WHAT YOU NEED TO DO:
Repeat the records below exactly from the line containing "Restaurante La Cabaña" to the line containing "Alerding logo", taking in both of those lines. Drop the pictures.

EXERCISE DATA:
|---|

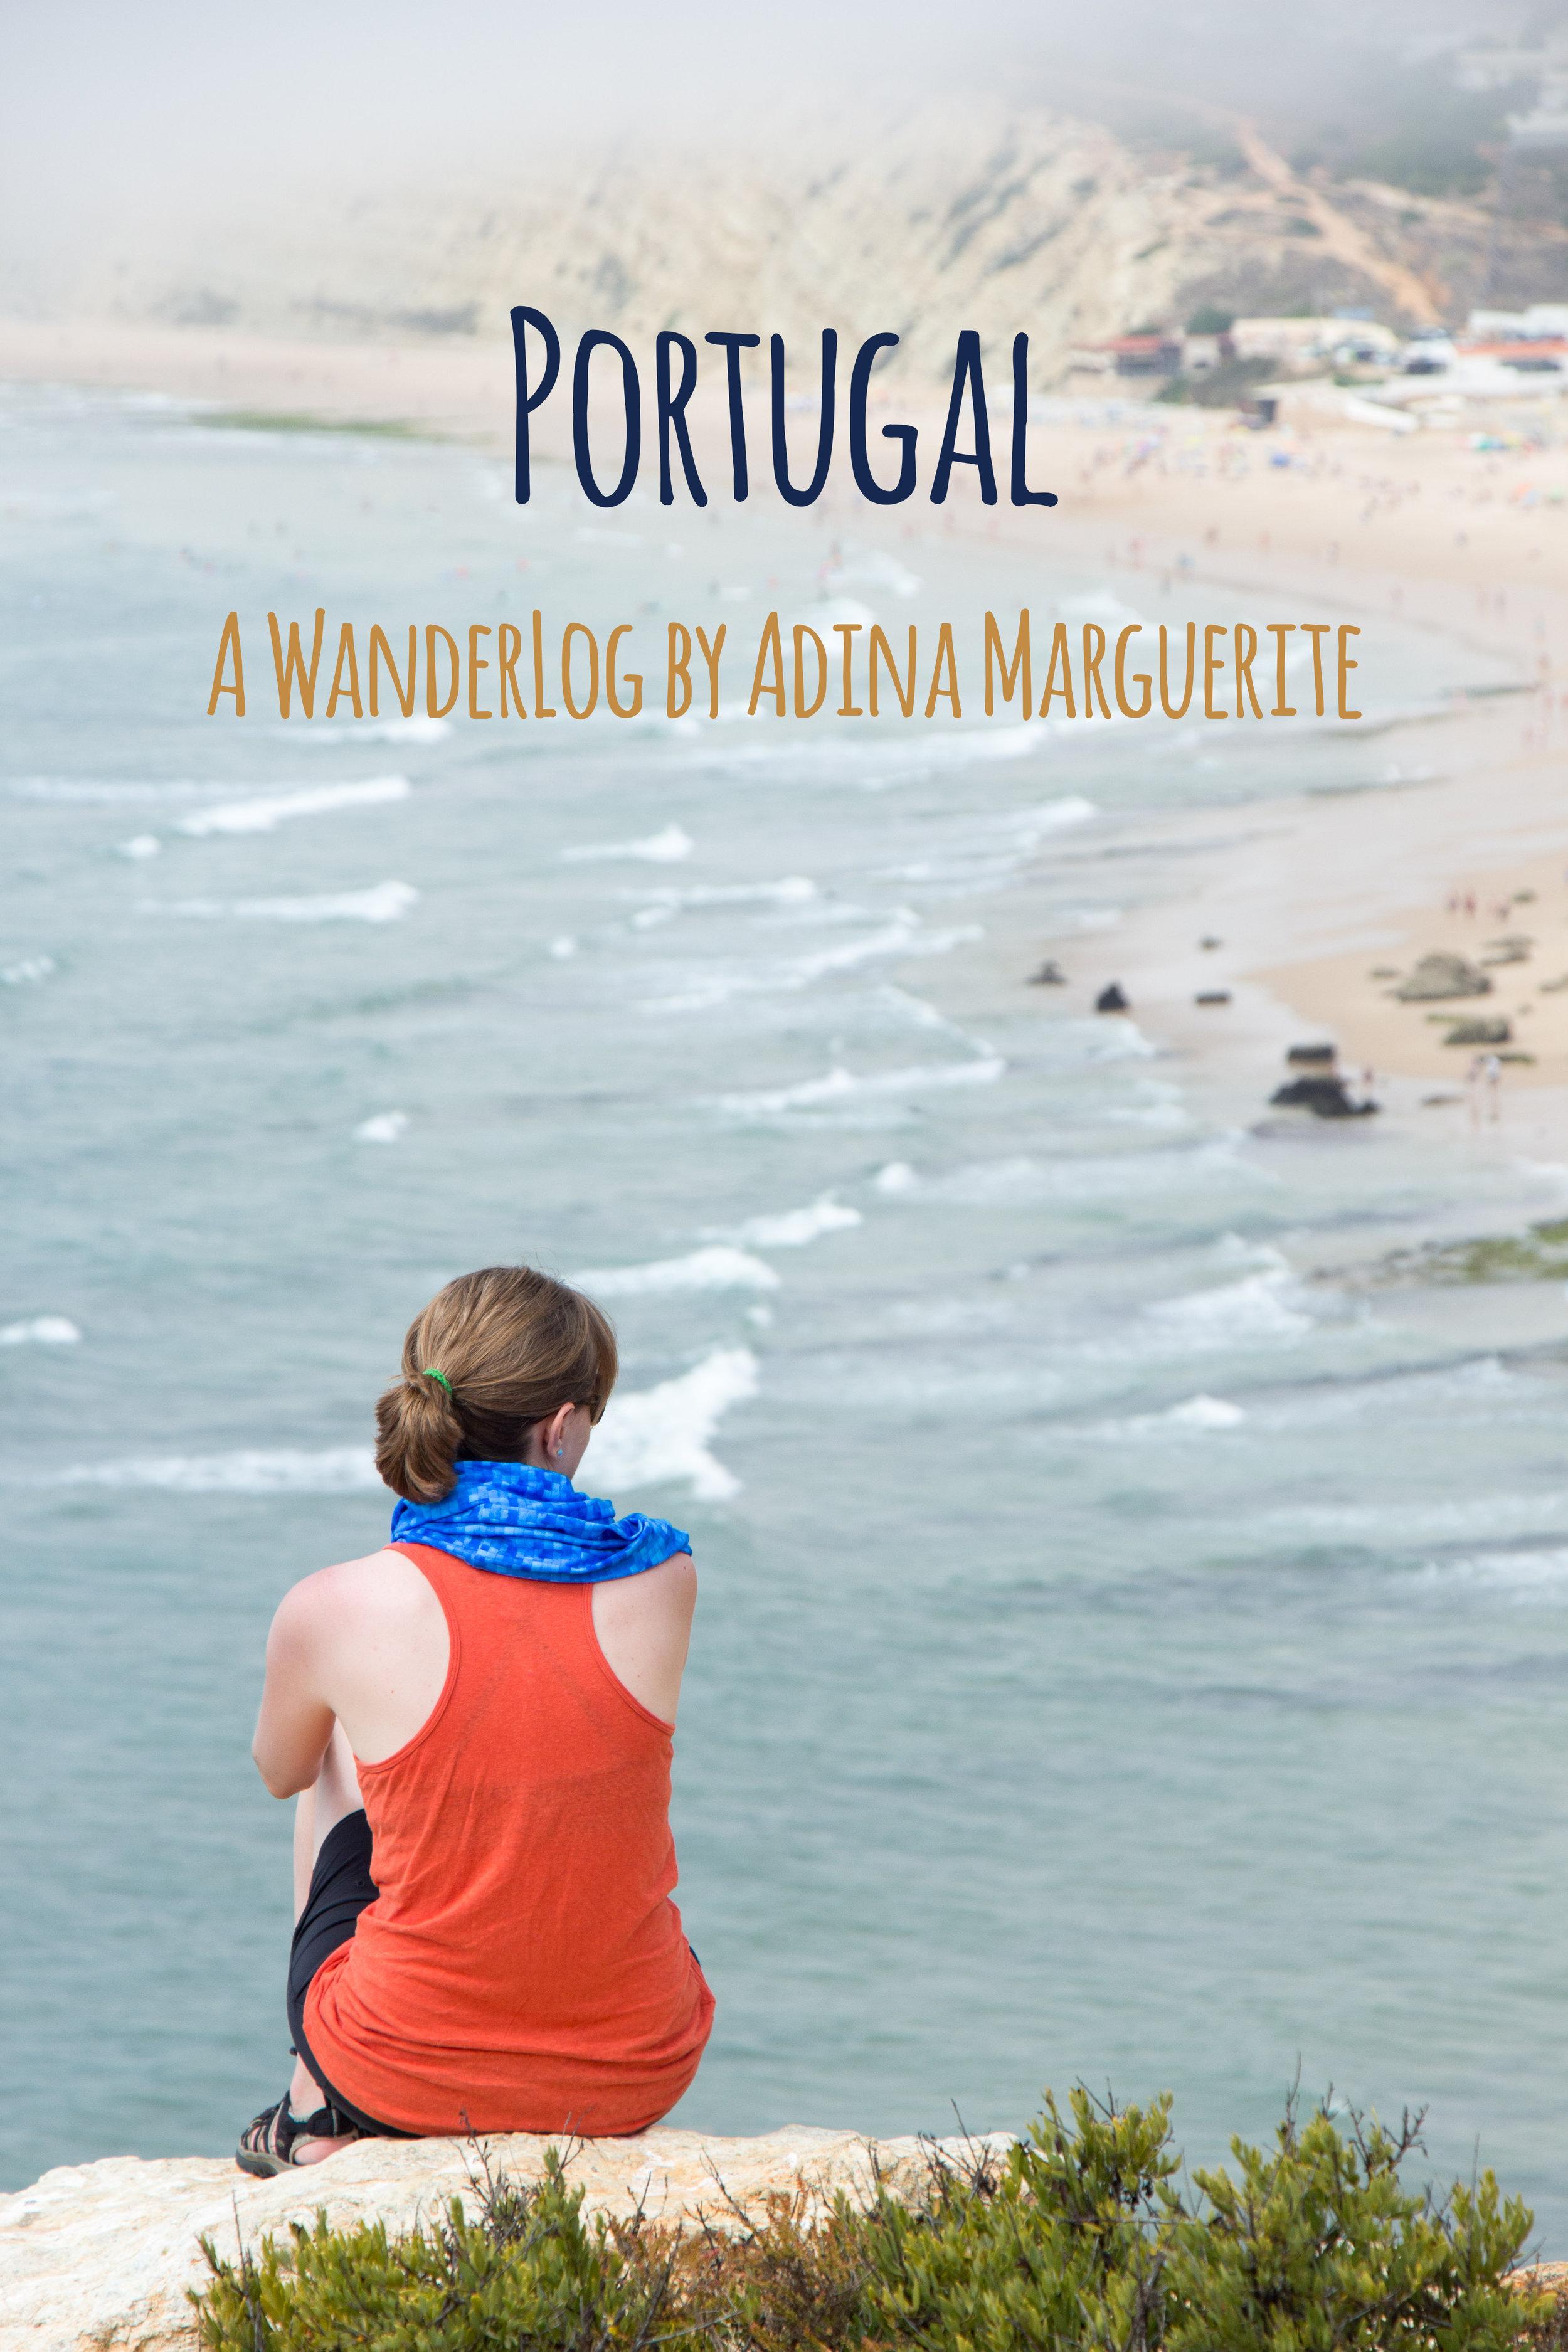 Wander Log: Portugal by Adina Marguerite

|---|

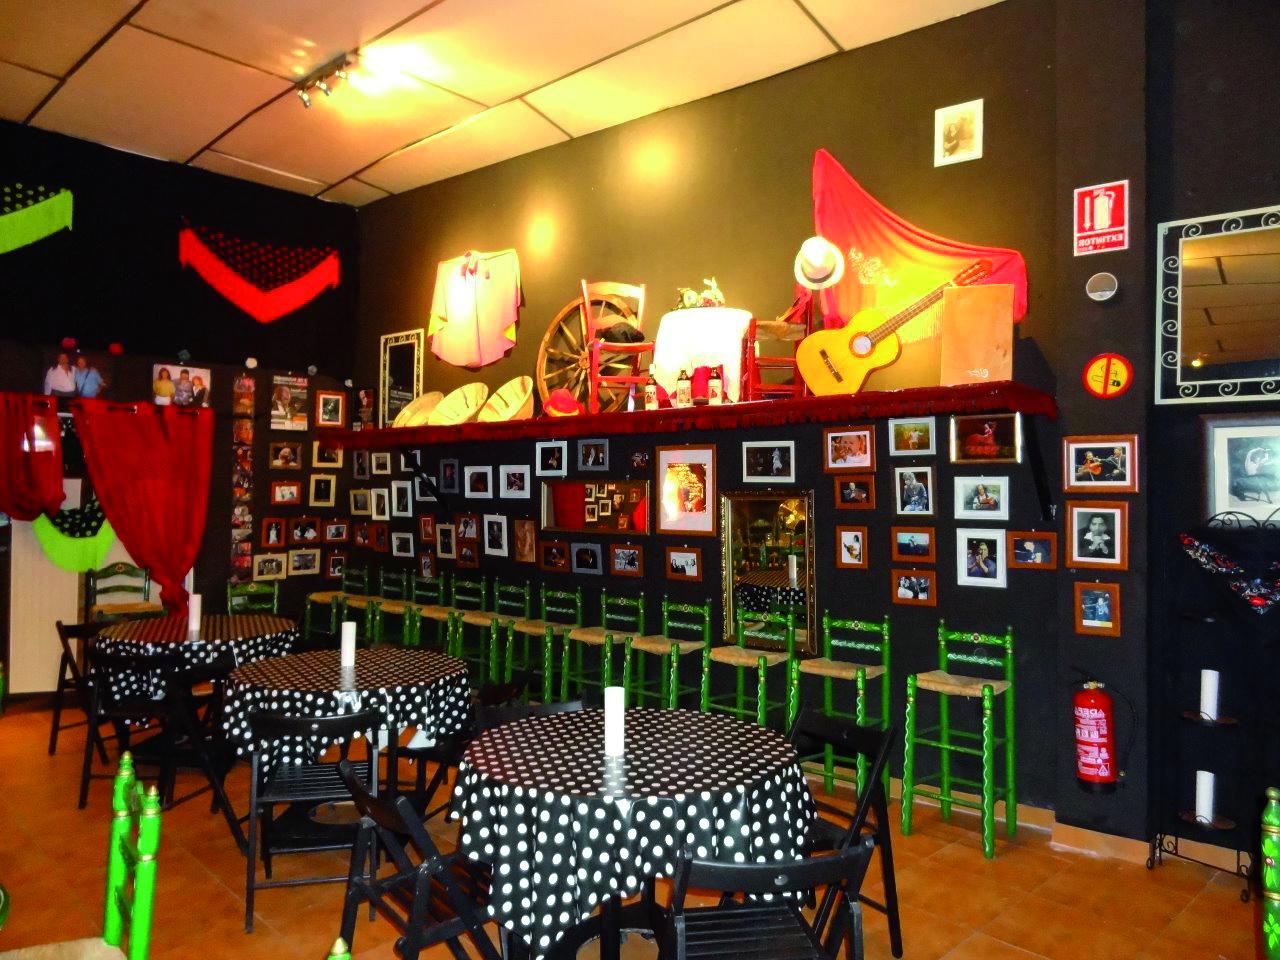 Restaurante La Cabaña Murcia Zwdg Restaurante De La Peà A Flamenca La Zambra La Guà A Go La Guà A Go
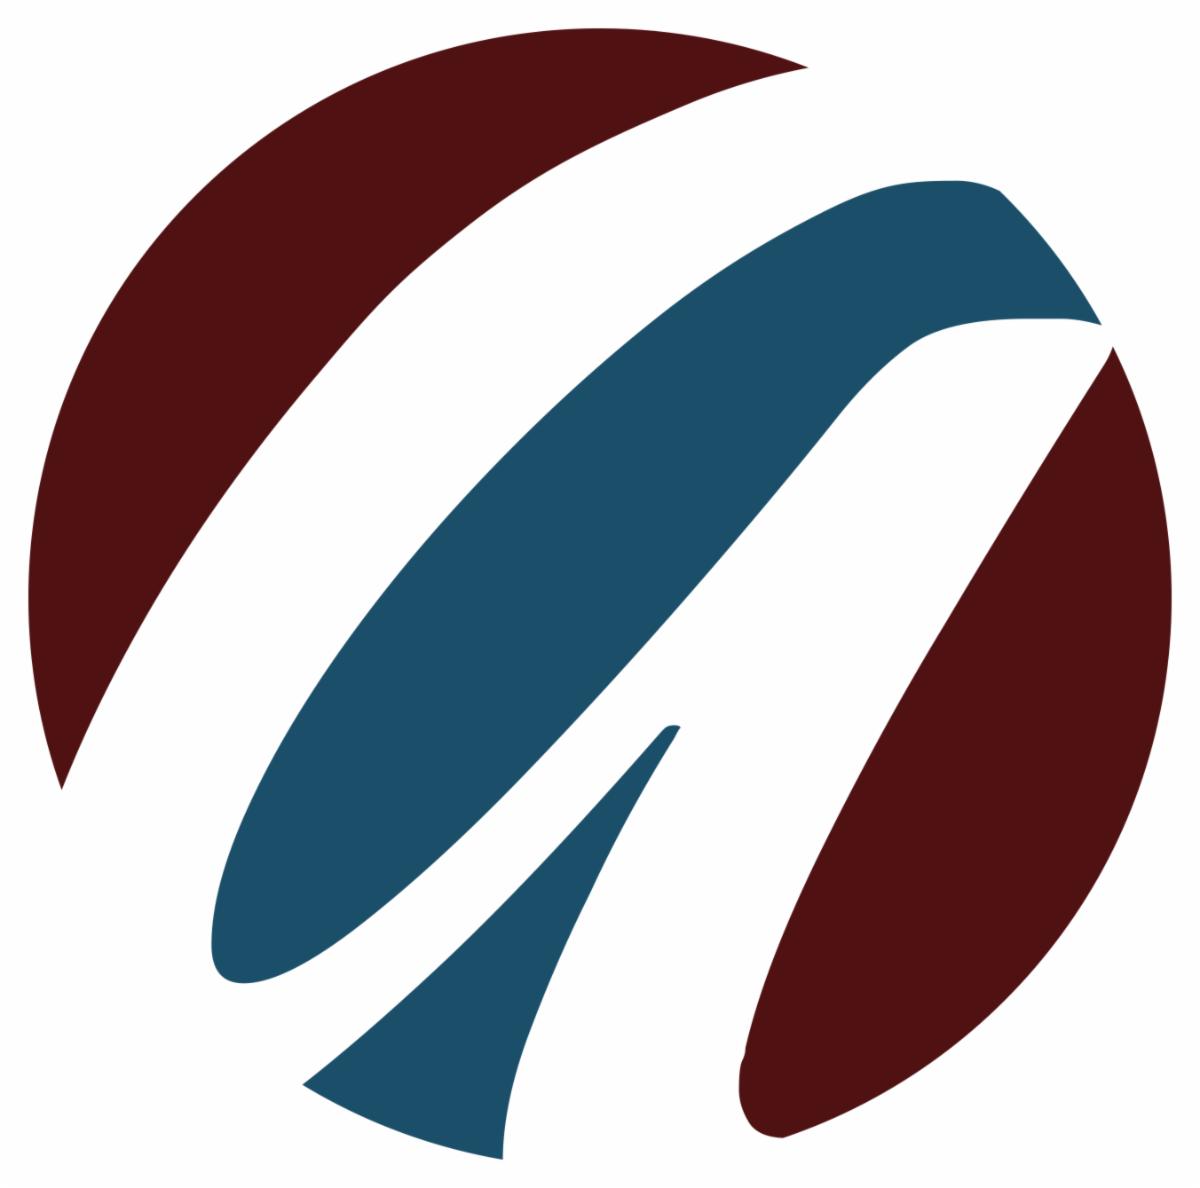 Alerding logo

|---|

EXERCISE RESPONSE:
 Restaurante La Cabaña Murcia Zwdg Restaurante De La Peà A Flamenca La Zambra La Guà A Go La Guà A Go
 Alerding logo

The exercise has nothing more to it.